Whenever analysts would like to know the causal relationship between an action or intervention and a policy-relevant outcome, they want be able to simultaneously observe outcomes in a world where the action was taken and a world without the action. Of course, such observation is impossible, so analysts compare groups exposed to an action (i.e., a “treatment” group) to groups not exposed to the action (i.e., a “control” group) to make inferences about the effects of the action. When assignment to treatment and control group is not random, a potential worry is that the two groups differ in ways besides exposure to the treatment. For instance, perhaps a larger share of the treatment group has more highly motivated students; thus, the treatment and control group would differ in both motivation and exposure to the treatment, leaving the analyst to wonder which actually caused the difference in outcomes between treatment and control groups. However, in the STAR project (and RCTs more generally), since the sample of students was both large and random, and assignment to each group was also random, the treatment and control groups, on average, are unlikely to differ substantially in ways besides their exposure to the treatment.
For our purposes in this exercise, the STAR data has been restricted only to students with non-missing data and who received either the small classroom treatment for all four years of the study (kindergarten through 3rd grade) or the regular classroom control status for all four years of the study.1 Let’s begin with a quick comparison of the characteristics of the treatment and control groups, defined by the indicator variable treatment_four. The variable treatment_four takes on a value of 1 a student is in the treatment group and 0 if a student is in the control group. Things like teacher’s characteristics in kindergarten and students demographic and socioeconomic characteristics can give us some indication that the treatment and control groups are similar in their observable characteristics. By comparing the average characteristics of the two groups, we are performing a simplified version of what is called a “balance test.” Such a test can tell us if our treatment and control group differs, on average, in some important way besides their treatment status. We’ll do this by summarizing the observable variables for each group:
sum twhite tblack tadvanced_degree frpl speced smale swhite sblack sasian shisp snative sother if treatment_four == 1
sum twhite tblack tadvanced_degree frpl speced smale swhite sblack sasian shisp snative sother if treatment_four == 0
In the above code, I am telling Stata to calculate summary statistics for the treatment group and control group on the list of variables I have included. The variables are teachers’ race, gender, and whether they have an advanced degree and students’ race, gender, free or reduced-price lunch eligibility, and special education status. Generally, the proportions of these characteristics should be about equal between treatment and control groups. Let’s see how things look.

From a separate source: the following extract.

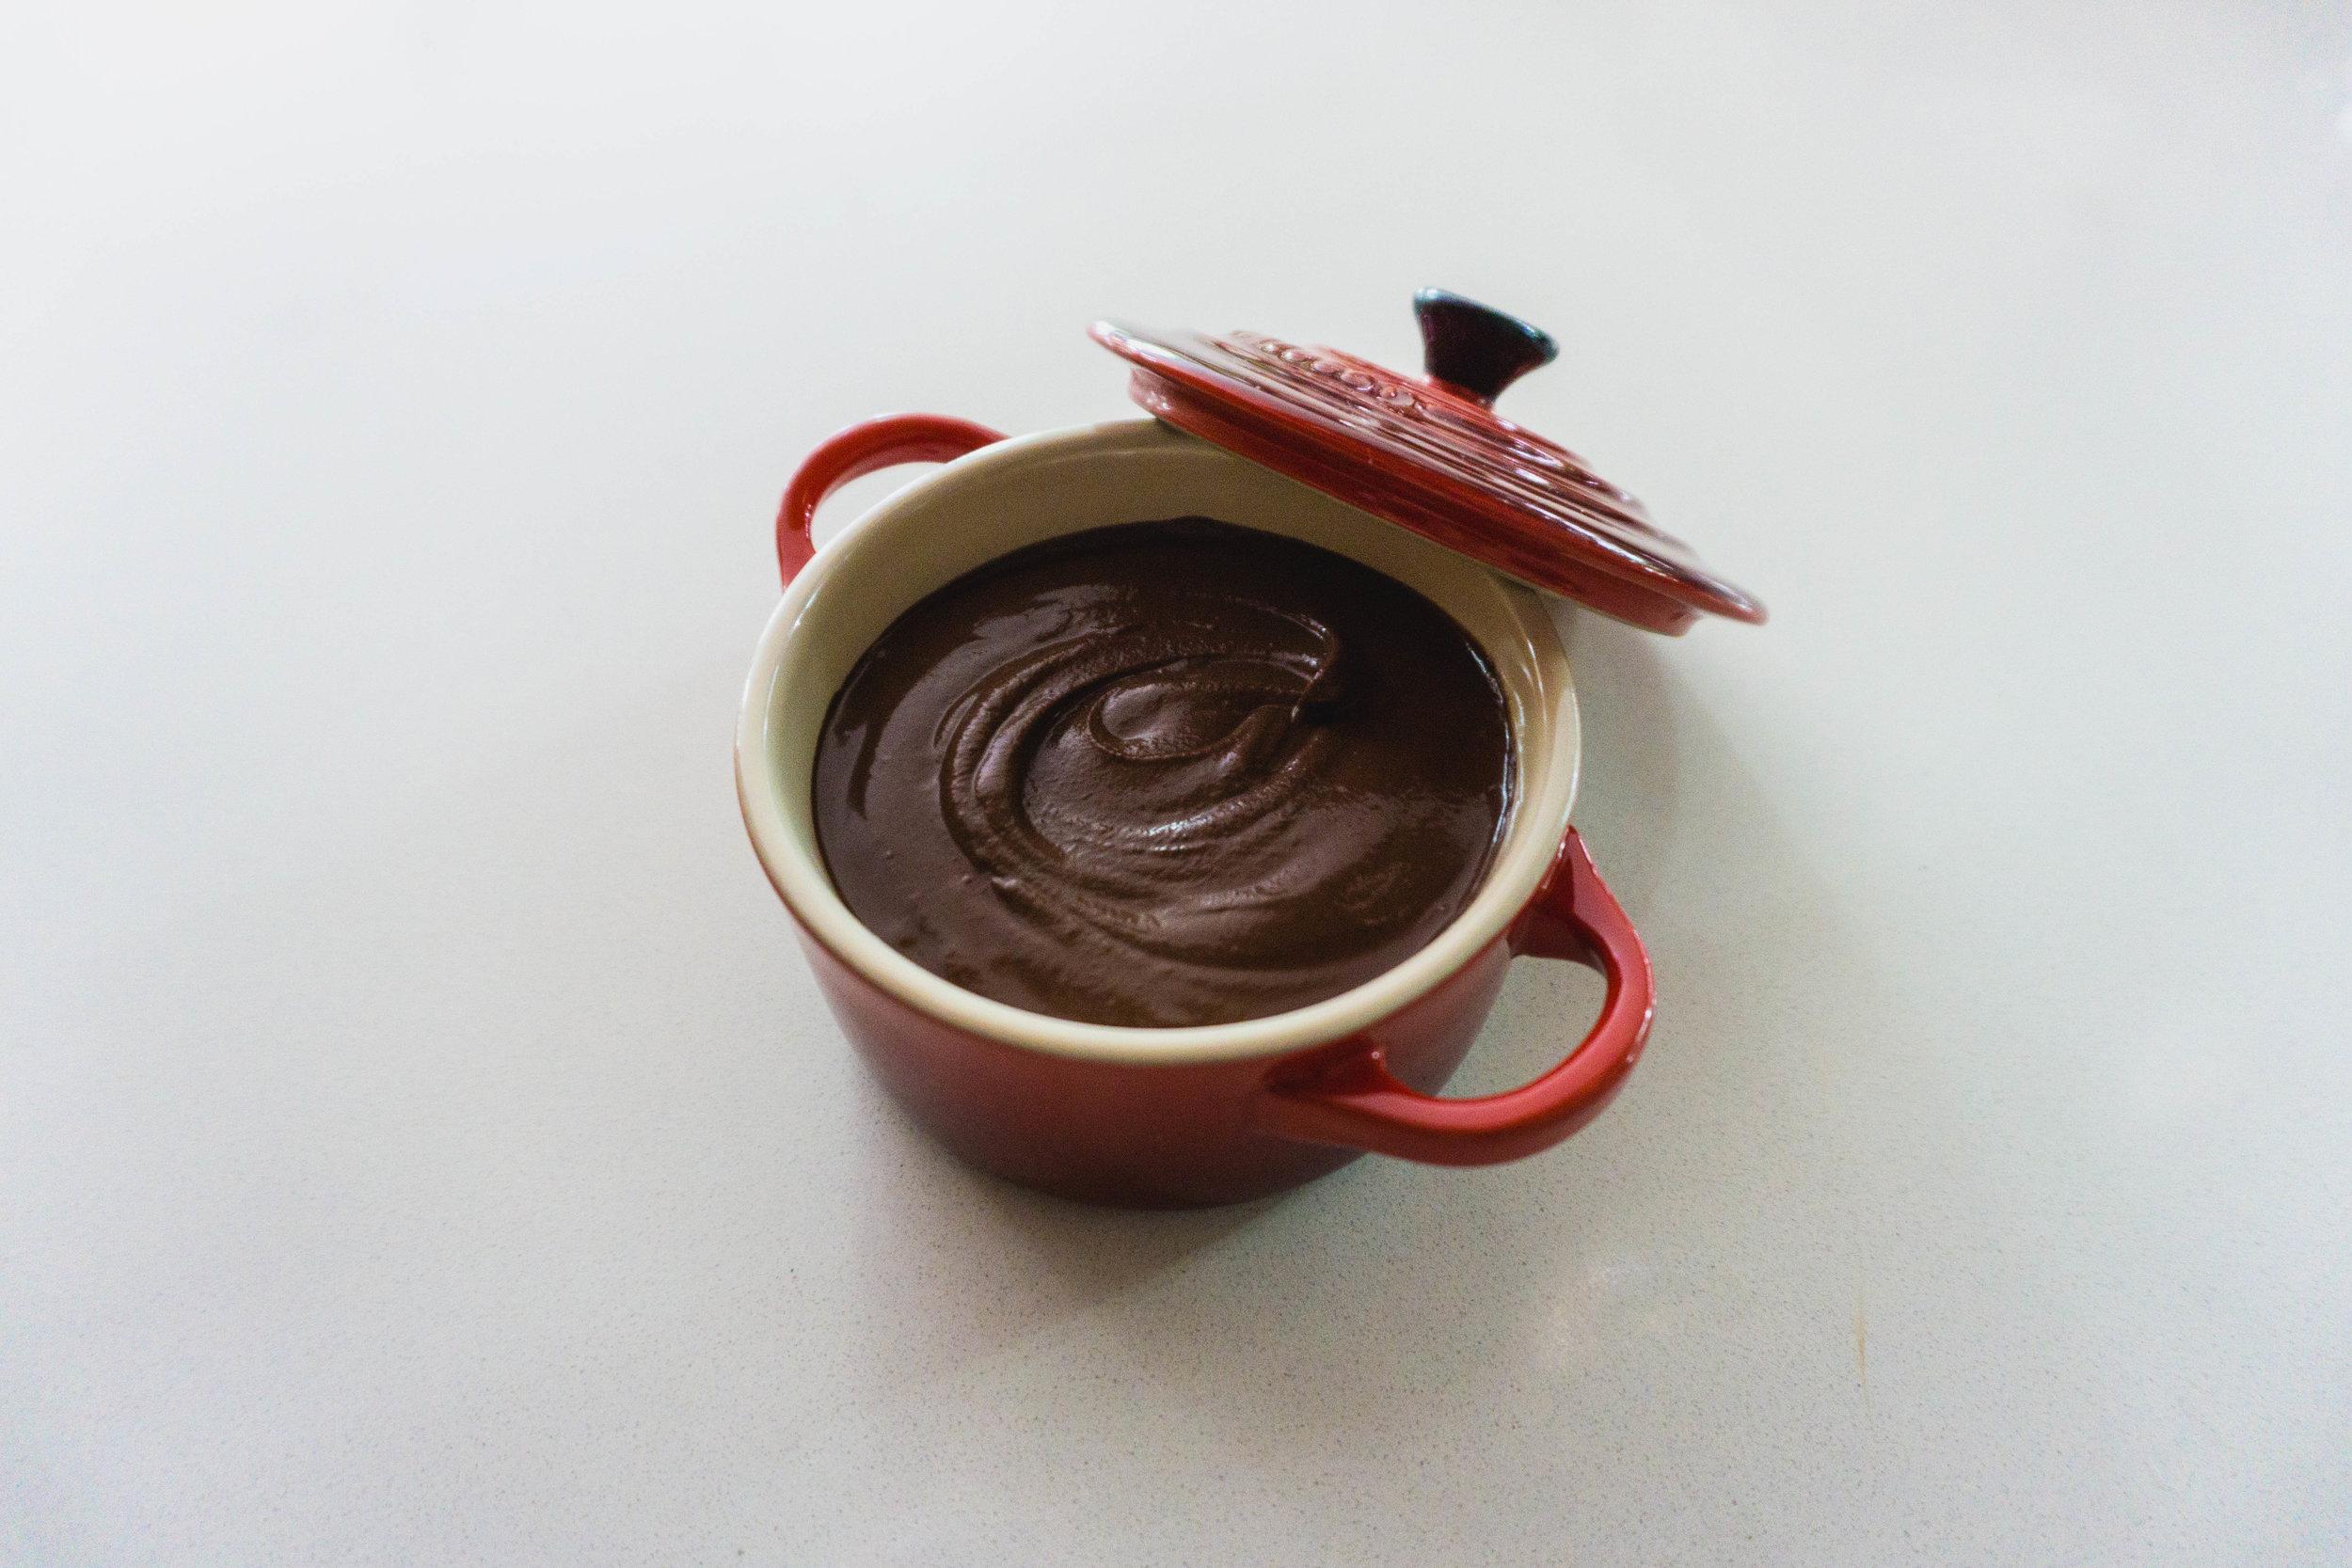 Chocolate Mousse in Le Creuset Pot :P

. sum twhite tblack tadvanced_degree frpl speced smale swhite sblack sasian shisp snative sother if treatment_four == 1
Variable | Obs Mean Std. dev. Min Max
-------------+---------------------------------------------------------
twhite | 357 .9439776 .2302878 0 1
tblack | 357 .0560224 .2302878 0 1
tadvanced_~e | 357 .3753501 .4848928 0 1
frpl | 357 .280112 .449684 0 1
speced | 357 .0168067 .1287271 0 1
-------------+---------------------------------------------------------
smale | 357 .4565826 .4988105 0 1
swhite | 357 .8235294 .3817551 0 1
sblack | 357 .1680672 .3744508 0 1
sasian | 357 .0028011 .0529256 0 1
shisp | 357 .0028011 .0529256 0 1
-------------+---------------------------------------------------------
snative | 357 0 0 0 0
sother | 357 .0028011 .0529256 0 1
.
. sum twhite tblack tadvanced_degree frpl speced smale swhite sblack sasian shisp snative sother if treatment_four == 0
Variable | Obs Mean Std. dev. Min Max
-------------+---------------------------------------------------------
twhite | 143 .951049 .2165241 0 1
tblack | 143 .048951 .2165241 0 1
tadvanced_~e | 143 .3706294 .484671 0 1
frpl | 143 .2307692 .422806 0 1
speced | 143 .048951 .2165241 0 1
-------------+---------------------------------------------------------
smale | 143 .4055944 .4927326 0 1
swhite | 143 .8741259 .3328734 0 1
sblack | 143 .1188811 .3247862 0 1
sasian | 143 .006993 .0836242 0 1
shisp | 143 0 0 0 0
-------------+---------------------------------------------------------
snative | 143 0 0 0 0
sother | 143 0 0 0 0
Comparing the two, it looks like the two groups enter kindergarten facing strikingly similar teachers: about the same proportion of the treatment and control group have white teachers, black teachers, and teachers with advanced degrees in kindergarten. However, the treatment group appears to have a slightly higher proportion of boys, lower proportion of white students, and higher proportion of black students. This could be due to random sampling noise or due to the way I constructed the sub-sample, which diverges from the way the study was designed and carried out.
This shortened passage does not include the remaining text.